Al instante todo el aplomo de Fin se vino abajo. Asimiló lo que ella acababa de decir, sin poder creerlo del todo.
—¿Cómo lo sabes? —preguntó con la voz tomada.
Ella se dio cuenta de que le había dado la vuelta a la tortilla.
—Me lo contó Fionnlagh.
No era posible. Simplemente, no lo era.
—¿Fionnlagh lo sabe?
—Desde siempre. O al menos desde que tiene uso de razón. El señor Macinnes le dijo hace años que no era hijo suyo. Fionnlagh ni siquiera se acuerda de cuándo. Lo ha sabido siempre. —En sus ojos había esa misma mirada de antes—. Estaba llorando cuando me lo contó. Y eso me hizo sentir que yo era muy especial para él. Porque no se lo ha dicho a nadie más. A nadie. Y yo pensé… vaya… soy la única que comparte su secreto. —El brillo de su rostro al recordar el momento se disipó—. Los dos estamos bastante convencidos de que por eso su padre le ha estado pegando durante todos estos años.
Fin estaba atónito. Tenía la boca seca. Se sentía mareado.
—¿A qué te refieres?
—Es un tipo corpulento, su padre. Y Fionnlagh… bueno, no es que sea Míster Universo, ¿no cree? Así que eso aún dura.

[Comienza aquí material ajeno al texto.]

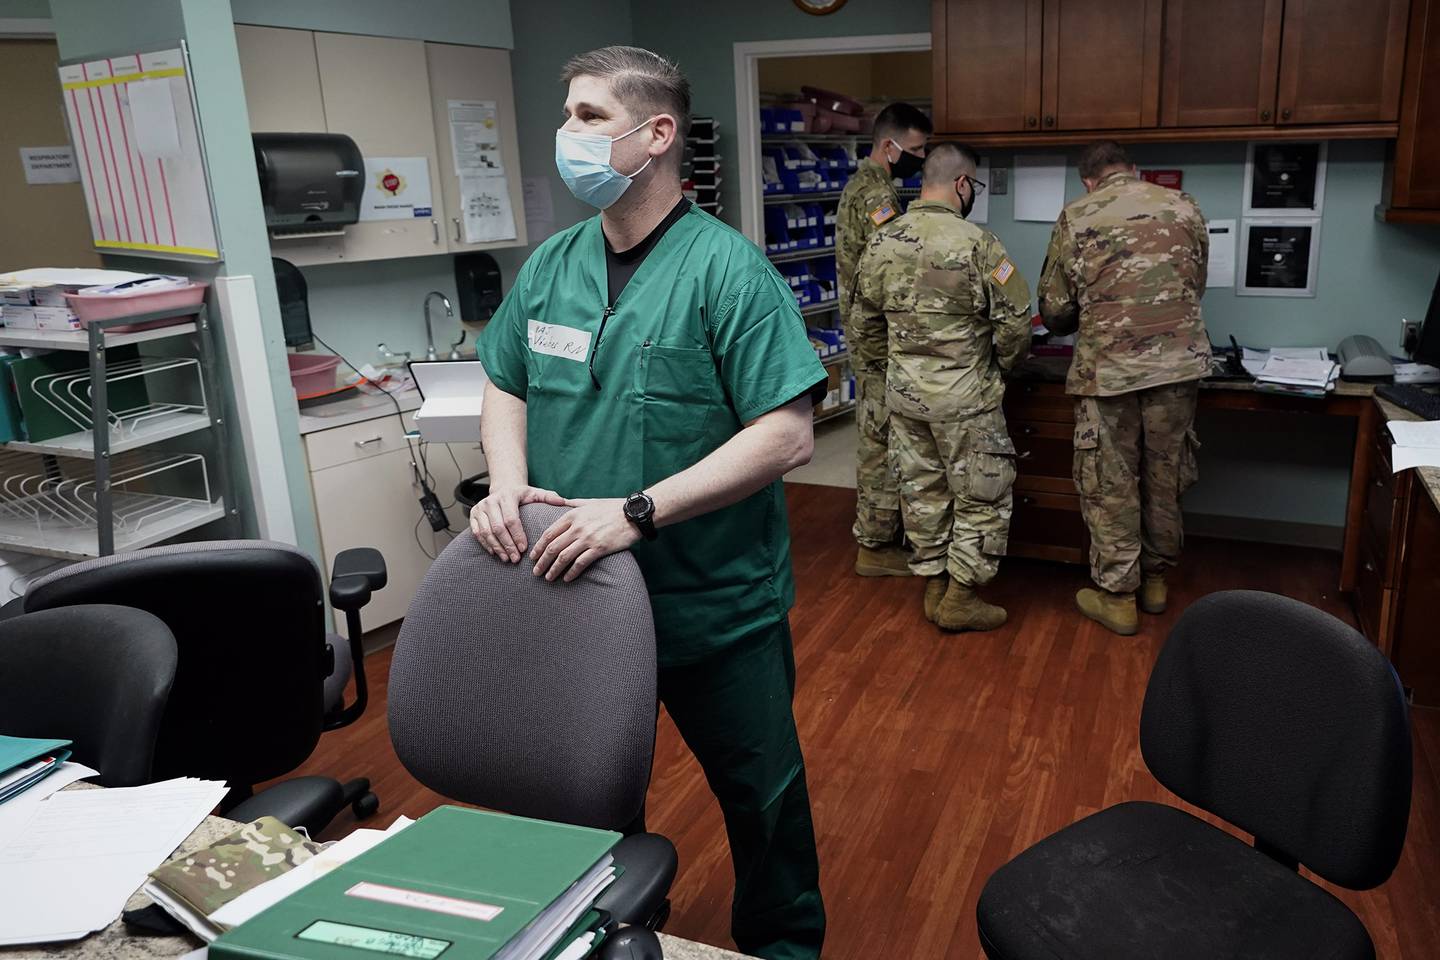 Registered nurse Army Maj. Andrew Wieher, with the Urban Augmentation Medical Task Force, stands at a nurses station inside a wing at United Memorial Medical Center, Thursday, July 16, 2020, in Houston.

—No lo comprendo. —Tenía que haberla entendido mal.
—¿Qué es lo que no entiende, señor Macleod? El padre de Fionnlagh lo maltrata. Lleva años haciéndolo. Nunca en un lugar donde pueda verse. Pero el pobre Fionnlagh ha tenido costillas fracturadas, un brazo roto… moretones en el pecho, en la espalda y en las piernas. Como si su padre quisiera castigar al hijo por los pecados del padre.
Fin cerró los ojos y deseó despertar de la pesadilla. Pero esta aún no había terminado.
—Fionnlagh siempre lo ha ocultado. No se lo ha dicho a nadie. Hasta la noche que él y yo… Ya sabe, lo hicimos. Y lo vi con mis propios ojos. Entonces me lo contó. Su padre… bueno, en realidad no es su padre, ¿verdad? Es un monstruo, señor Macleod. Un absoluto monstruo.